The Problem: Chained Transactions Kill UX

One of the biggest pain points when developing DApps on Polkadot is the inability to perform certain actions atomically. Often, we have to:

  1. Submit a transaction.
  2. Wait for its block-inclusion (and sometimes finalization).
  3. Extract some state from it (or read some events).
  4. Submit a second transaction.

This flow introduces friction and complexity that significantly harms user experience.


A Real Example: KSM RFP #2 RFP-launcher Dapp

While building the RFP-launcher, we needed to do the following in one go:

  • Create a bounty.
  • Submit a referendum for that bounty.
  • Plus a few other related calls.

Ideally, all of this would happen in one transaction. But here’s what we ran into:

Option 1: Guessing the Bounty ID

Since bounty IDs are incrementally assigned, we could try to guess the next ID and use it in the same batch. Most of the time this works — but if someone else creates a bounty just before our transaction is included, everything breaks: we end up referencing the wrong bounty in the referendum.

Technically, we could detect this in the DApp and guide the user through a recovery flow. But that’s still a terrible experience.

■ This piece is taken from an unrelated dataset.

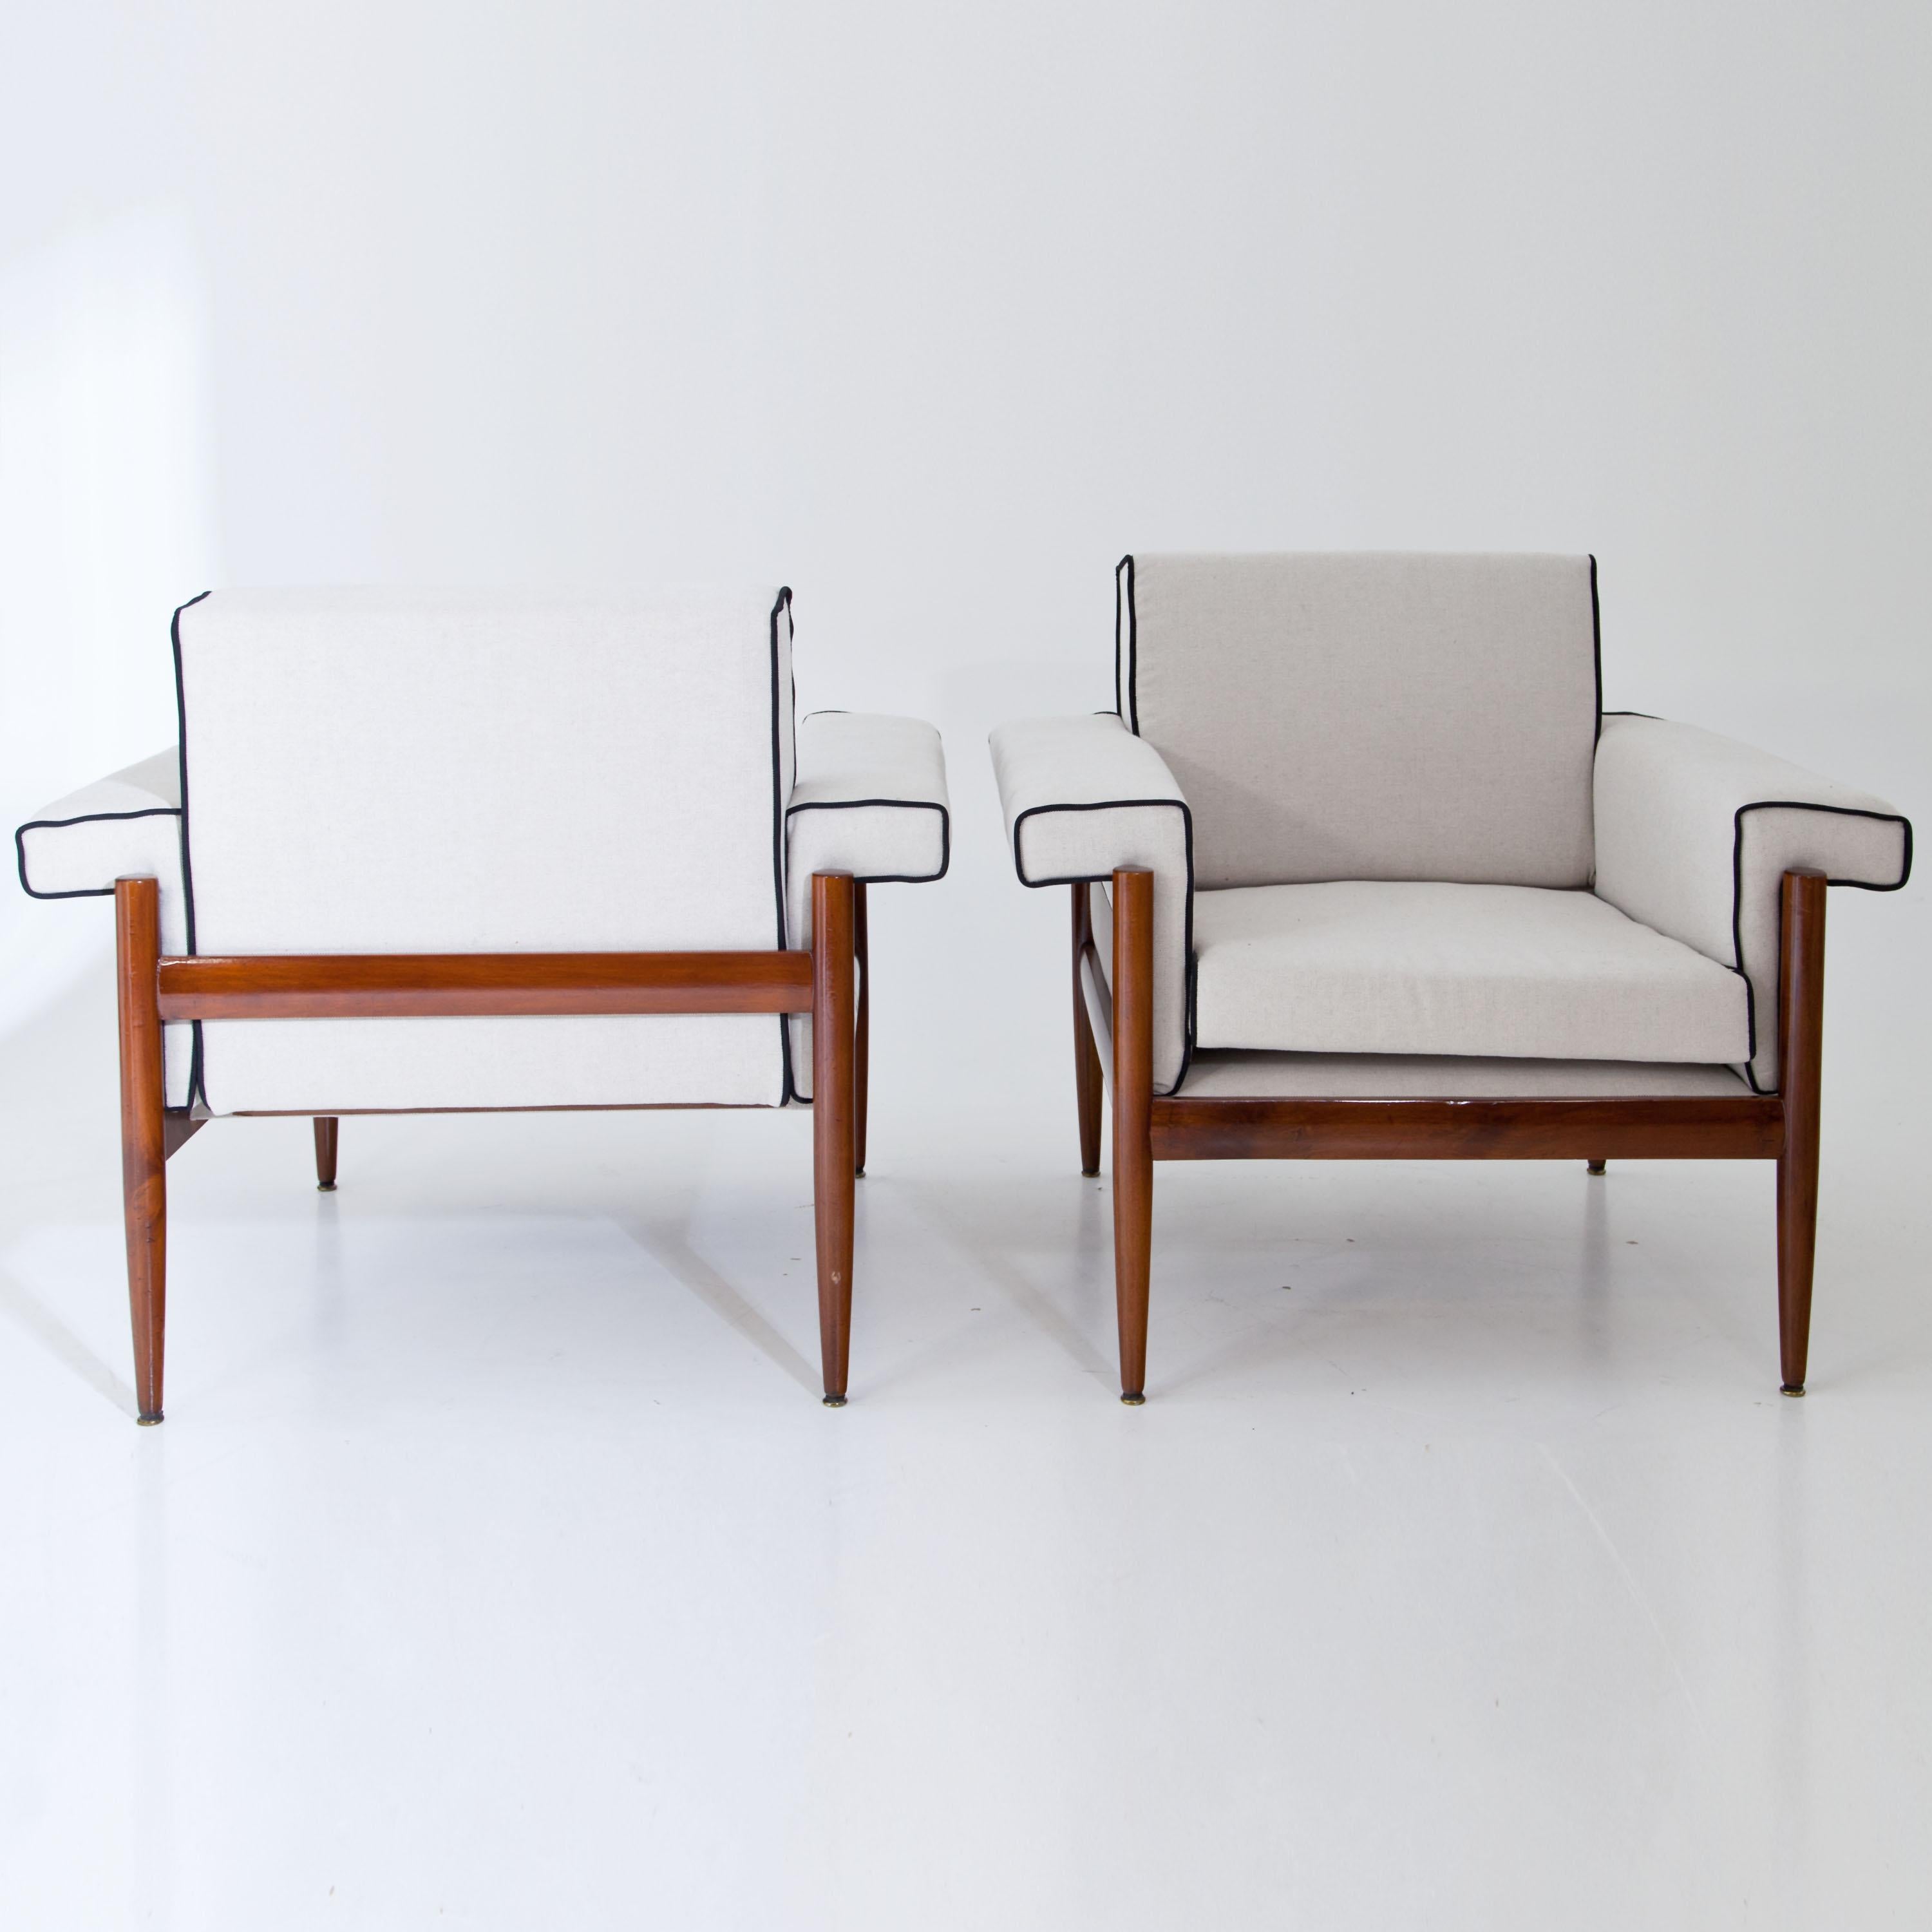 Pair of Italian Design Lounge Chairs, Trafilisa Isa Bergamo, Italy 1950s For Sale 2
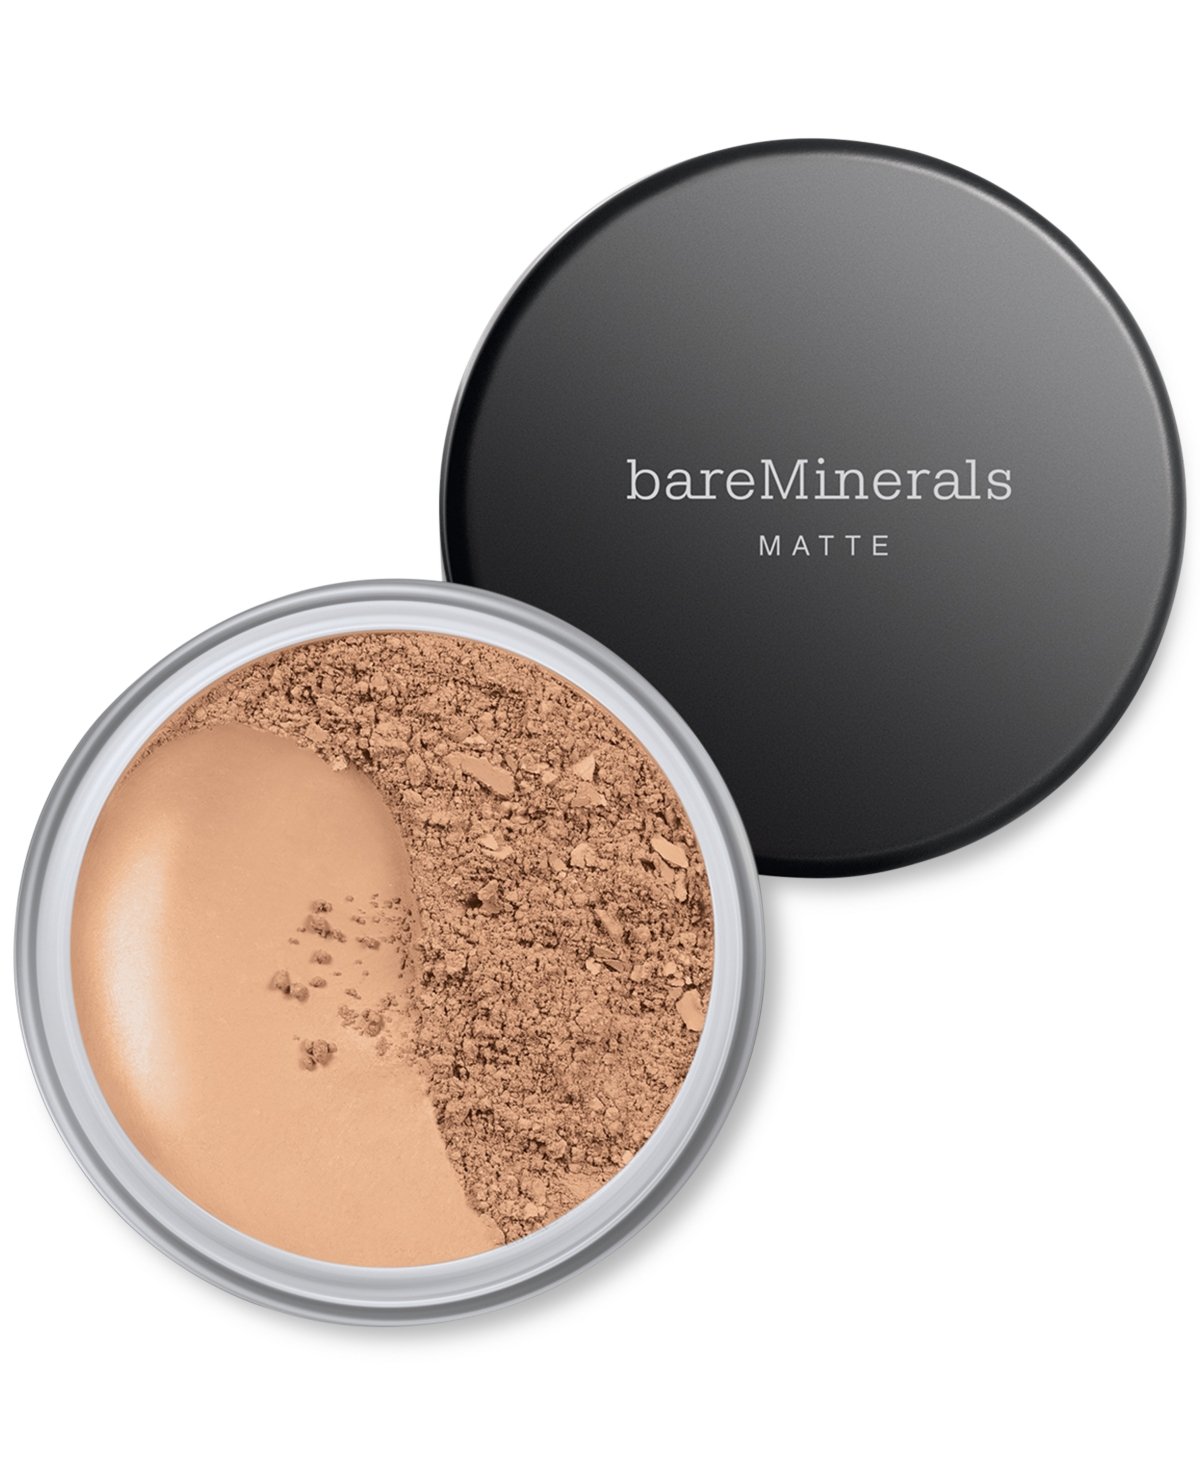 Bareminerals Matte Loose Powder Foundation Spf 15 In Medium Tan  - For Medium To Tan Skin Wit

Option 2: Sequential Transactions

Instead, we create the bounty in one transaction, wait for it to be included, extract the ID from the emitted event, and then send a second transaction with the rest of the operations. Safer, but introduces delay, complexity, and additional signing — not great UX either.


This Isn’t Just About Bounties…

This pattern pops up all over Polkadot: you want to conditionally chain actions where subsequent calls depend on freshly-updated state. Current options are either unsafe or clunky.


Can pallet-revive solve this?

If smart contracts deployed through pallet-revive could tap into other pallets functionalities, we could deploy a contract that:

  • Creates the bounty.
  • Grabs the real ID immediately.
  • Submits the referendum referencing the correct bounty — all in one atomic call.

This would open up far more powerful transaction flows than what’s currently feasible today.


Is This Possible Today?

I might be wrong here, but my assumption is this isn’t currently viable due to how contracts and pallets differ:

  • FRAME pallets: Use weight-based fees estimation (run on WASM).
  • Contracts (e.g., Ink! via revive): Use gas-based metering (run on PVM).

This separation likely prevents contracts from invoking pallet logic directly. I could be wrong, though… I really wish to be wrong! But — if Ink! (on pallet-revive) offered a safe interface to tap into other pallets, it could be a game-changer.


Is Anyone Exploring This?

Is there ongoing work in this direction? Could a smart contract system bridge this gap to allow conditional flows without race conditions or multi-transaction UX hurdles?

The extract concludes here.